New Orleans   In the 2008 Great Recession, fingers pointed wildly in all directions and in some cases in little Taliban caves around the country they are still doing so, and trying to play the blame game at the expense of the victims. One of the more troubling terms to emerge from those terrible days for borrowers trying to stay in their homes was the notion of “liar’s loans,” as the subprime industry called some of these mortgages. The haters tried to claim the borrowers were the liars, though our work repeatedly found that the culprits – the big liars in the affair – were almost invariably mortgage brokers channeling huge volumes of paper to subprime lenders and blowing up the numbers on “stated” income mortgages.

ACORN understood the value of stated income mortgages because many of our lower income families worked in contingent employment that was impossible to verify because of cash transactions without social security statements. Tipped employees were just one of the examples. As we met with subprime company after subprime company (four in one wild day in Orange County, California, the subprime ground zero!), we raised our concerns about the supervision of brokerage networks accounting for much of the loan volume in the portfolios they were assembling and the incredibly high percentage of stated loans, often approaching or exceeding 50% of the lending they were making and packaging. They would then flannel-mouth something about a risk algorithm that was protecting them and assure us they were on top of it all, when in fact as it developed, they were doing the happy dance to bankruptcy and blindsiding our members, many of them whom had no idea what numbers brokers had claimed to be their income, often without so much as a wink-and-a-nod, and were shocked to find in some cases that their social security income had now been converted to six figures.
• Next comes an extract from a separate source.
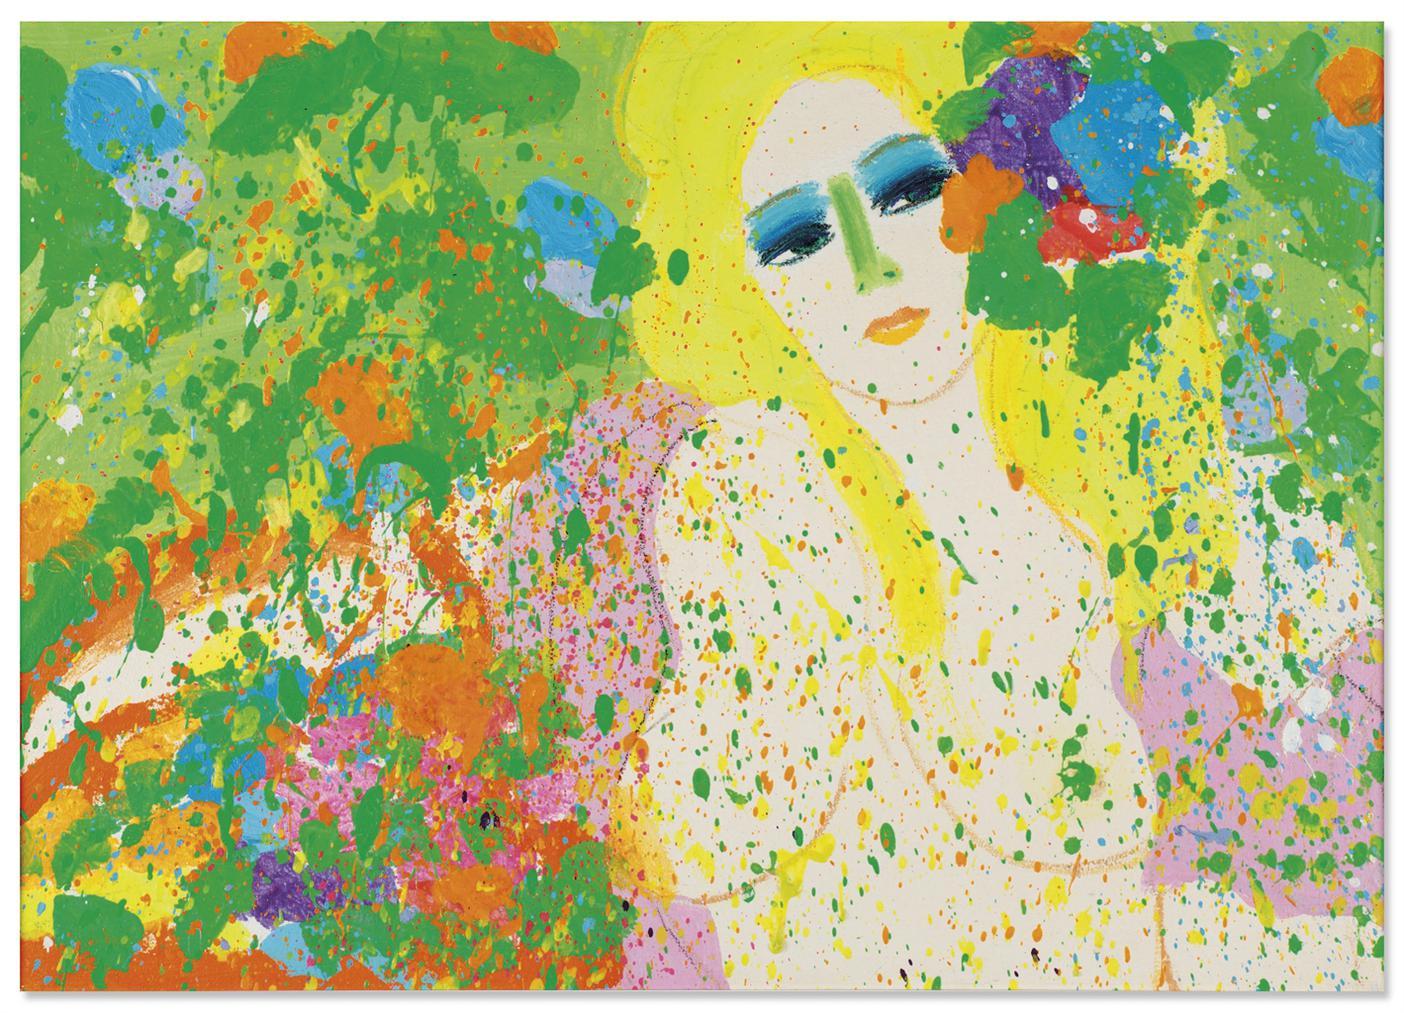 Walasse Ting-I Bring You A Spring-1971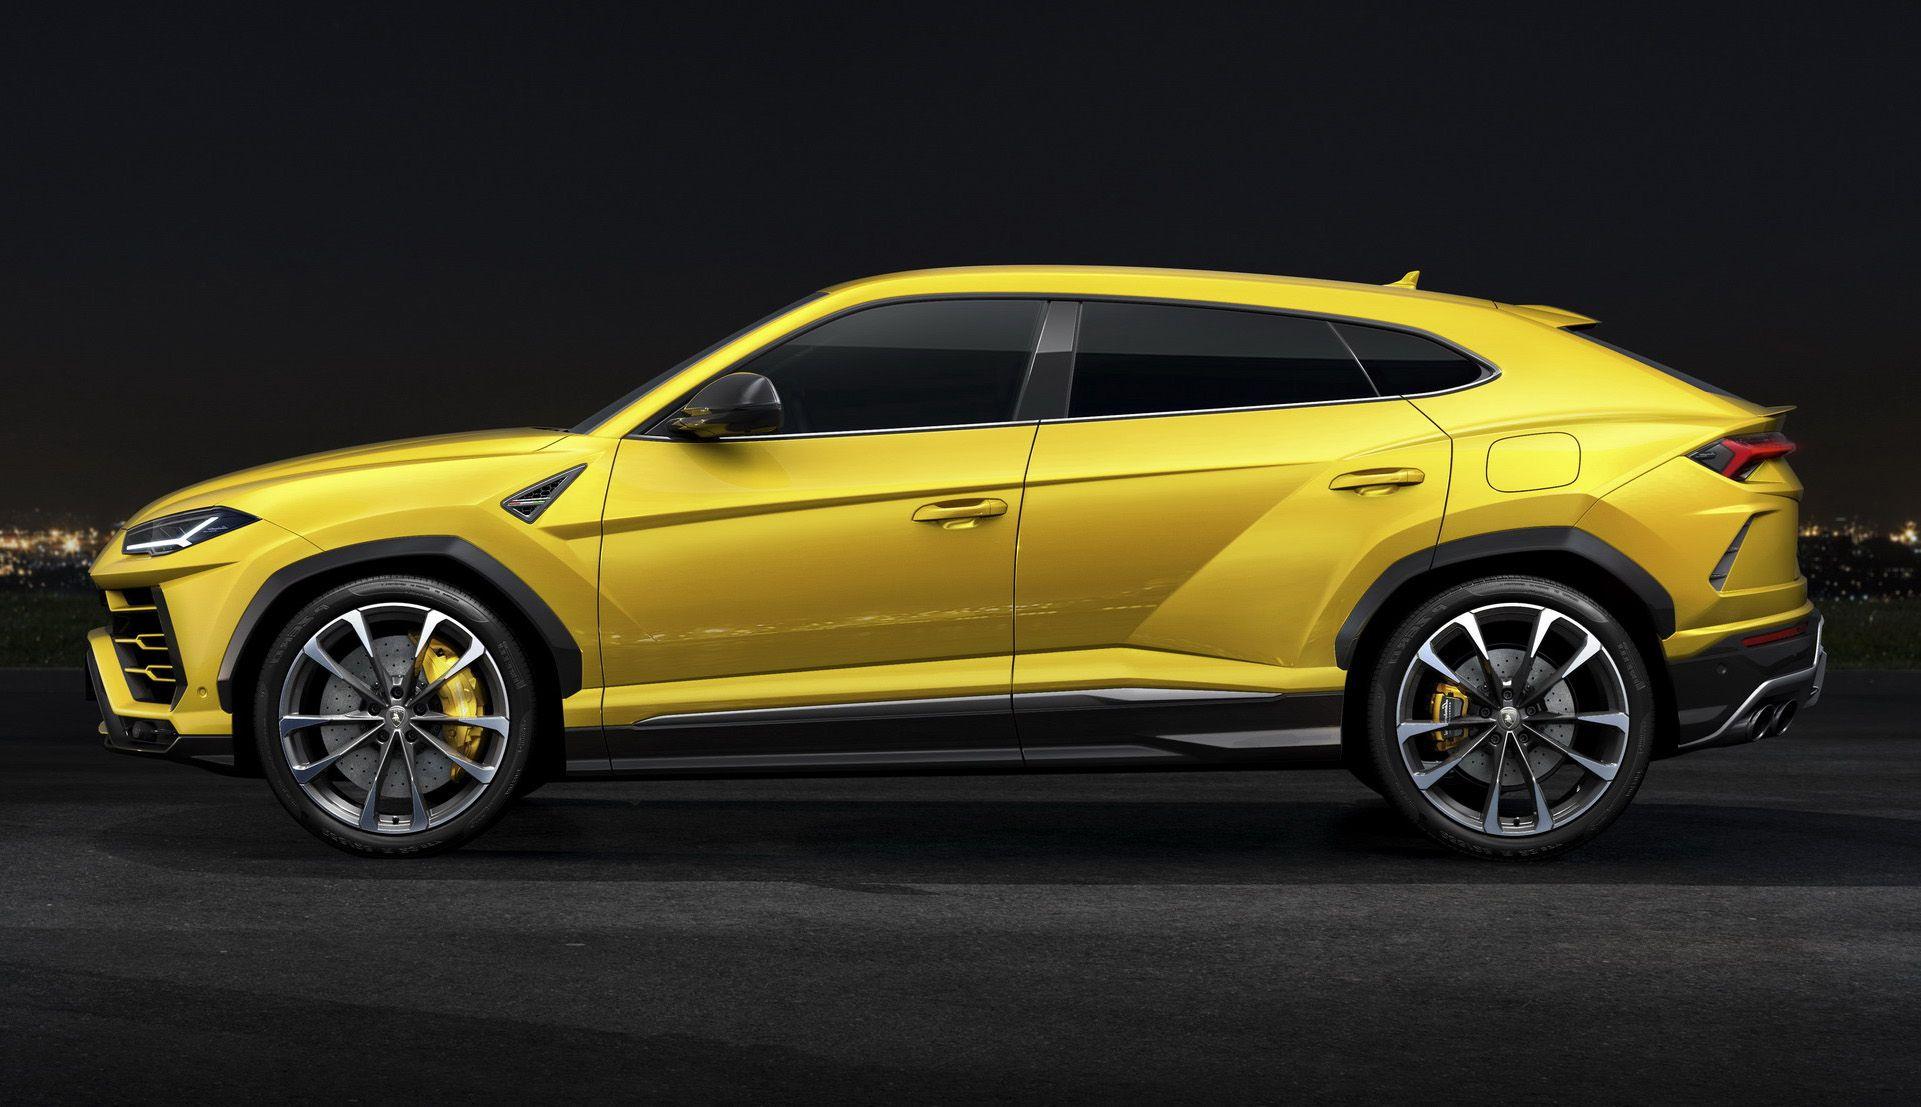 Huansu Hyosow C60: Chinas $15,000 Lamborghini Urus Clone Debuts In The Flesh  Carscoops

All of ACORN’s fights against predatory practices by subprimes came roaring back to mind when ACORN Canada shared an article with me about the cash-crunch and turmoil that ousted the top officials and plummeted the share price of Home Capital Group, a leading company in what the Financial Post called the “alternative mortgage lending” space, which is just another name for subprime loans. The problem was simply described:

Home Capital’s current crisis began on April 19, when the Ontario Securities Commission accused the company and some of its officials of misleading disclosure. The OSC alleges that the company misled shareholders because it knew there was fraud in its broker channels before July 2015, when it announced the findings of its internal investigations and disclosed it had cut ties with 45 brokers as a result.

The Post commentators were aghast that regulators were investigating Home Capital for what they viewed as dated and minor problems with the company’s brokerage channels and accused the OSC of what Republicans in the US would now call “regulatory overreach.”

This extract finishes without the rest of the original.